The letter stated that due to the MoEF&CC’s July 2019 clarification, a “large number” of projects on forest land by private developers, public sector units and government departments were “facing difficulties” in raising financing for projects by mortgaging the land. There were 31 such cases in the state and “more number of such cases will arise in future.”
“It is essentially required that the entry of diverted forest land be made in the Record of Rights qua possession in the name of User Agency”, the letter read. It requested the MoEF&CC to issue a “fresh clarification” at the earliest.
On February 22, the MoEFCC’s Bhardwaj wrote to all states and Union territories, referencing the correspondence with Himachal Pradesh and requesting them to “furnish the comments / views and existing practices adopted by the states / UTs in this regard.”
This correspondence between the Himachal Pradesh government and the MoEF&CC raises several questions.
The letter requesting review of clarification specifies transfer of title “by way of lease or otherwise”. Under the FCA and accompanying rules, any transfer of forest land can only be done through lease and not “otherwise”.
The letter mentions that this is for the purpose of allowing the developers in favour of whom the land has been leased, to mortgage such land to financial institutions in order to raise capital.
However, the creation of lease does not result in a transfer of title. The handbook of the FCA, 1980 and Forest Conservation Rules, 2003 published by the MoEF&CC in 2019 states that the diversion of forest land for non-forest purposes is only a “right to use” granted to the user agency without any change in legal status of the forest land, and that the entity using the forest and cannot mortgage, reassign or sublease it [Chapter I: Court Orders and General Clarifications, Paragraph 1.9]. The Himachal Pradesh government’s request, made by way of the second letter, therefore appears to be illegal.
These demands also appear to contradict conditions typically imposed along with the forest clearance. For instance, a clearance letter issued recently to set up an All India Institute of Medical Sciences in Himachal’s Bilaspur town lays down clear conditions such as “Legal status of the diverted forest land shall remain unchanged” and that “The forest land shall not be used for any purpose other than that specified in the proposal and under no circumstances be transferred to any other agency, department or person.”

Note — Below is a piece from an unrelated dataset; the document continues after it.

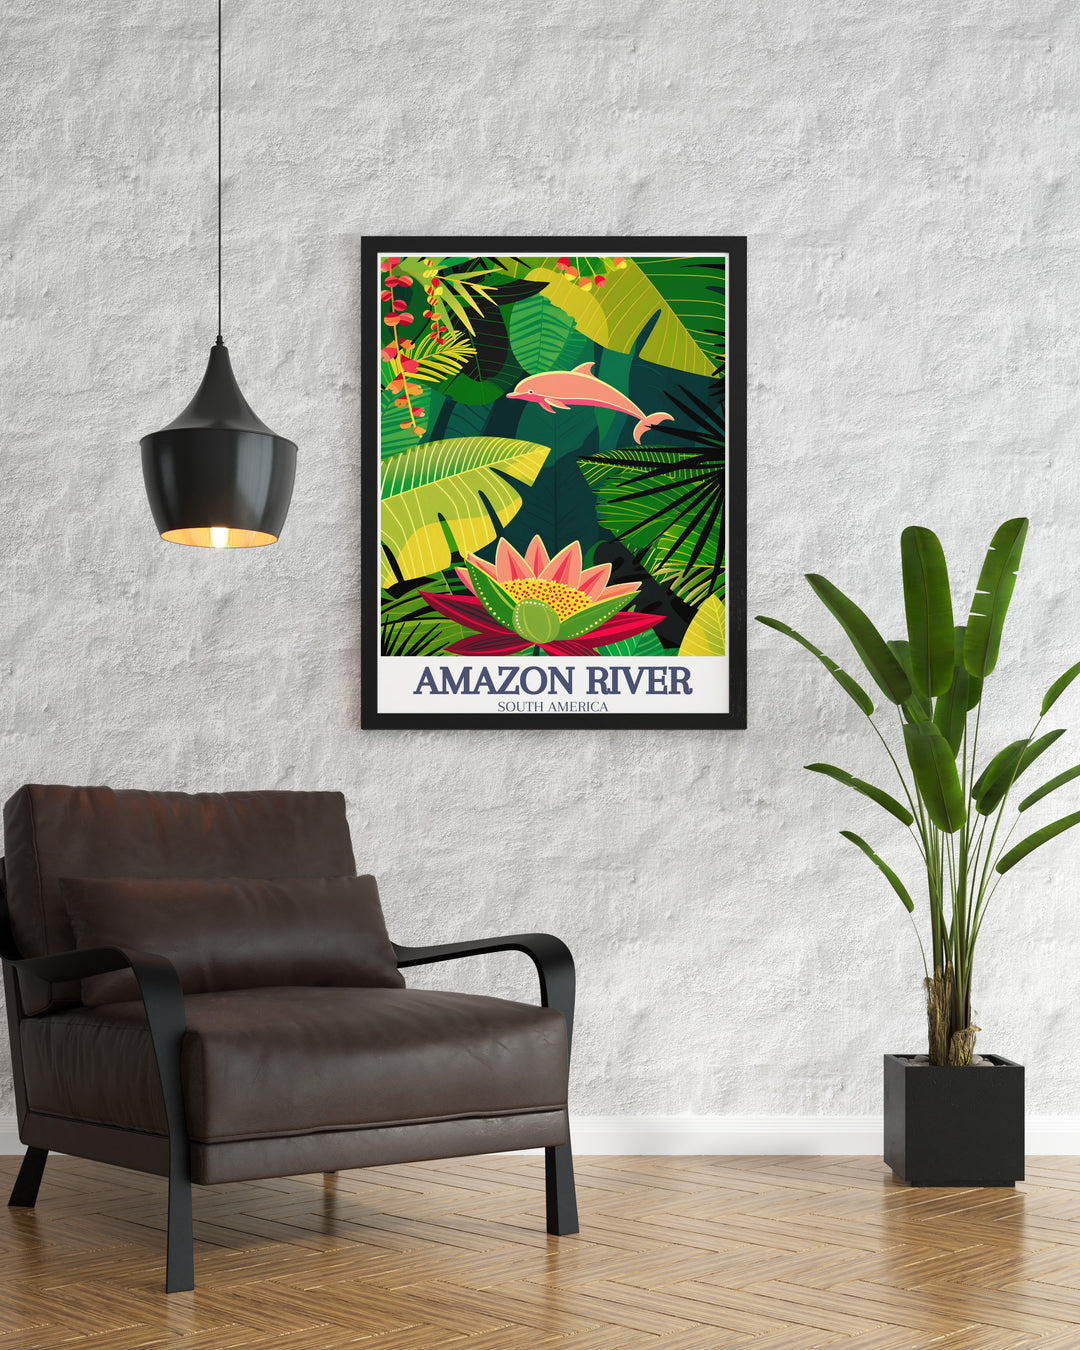 Victoria Regia water lily, Amazon river dolphin poster offering a glimpse into the beauty of the Amazon rainforest. This vintage style print is perfect for collectors and makes a great gift for birthdays, anniversaries, or Christmas.

A former senior bureaucrat of the Himachal Pradesh government said the purpose of mortgaging could be met by signing a lease over the land, which a bank could sell to another party in case of default of the user agency. In the past, hydroelectric companies in the state had demanded such leases and the state now offers such leases for a nominal rent, the official said.
“Record of rights are irrelevant since they do not have evidentiary value. Even if the name of the agency is entered, a bank cannot cite it to recover its dues,” the official said.
“Maybe the leases are not being signed to the satisfaction of financial institutions and they might be demanding entry in the record of rights,” the official added.
In fact, even the recognition of individual forest rights under the Scheduled Tribes and Other Traditional Forest Dwellers (Recognition of Forest Rights) Act, 2006 (“FRA”) does not lead to the revision of entries in the record of rights.
“When rights are recognised under the FRA, the forest department does not mutate the records in the rights holder’s name”, Sharachhandra Lele, senior fellow at Ashoka Trust for Research in Ecology and the Environment, said. “If anyone needs the ability to mortgage land to banks, surely it is the poor adivasi farmer.”
Nihar Gokhale is Associate Editor and Mukta Joshi is lawyer with Land Conflict Watch, an independent network of researchers studying land conflicts, climate change and natural resource governance in India.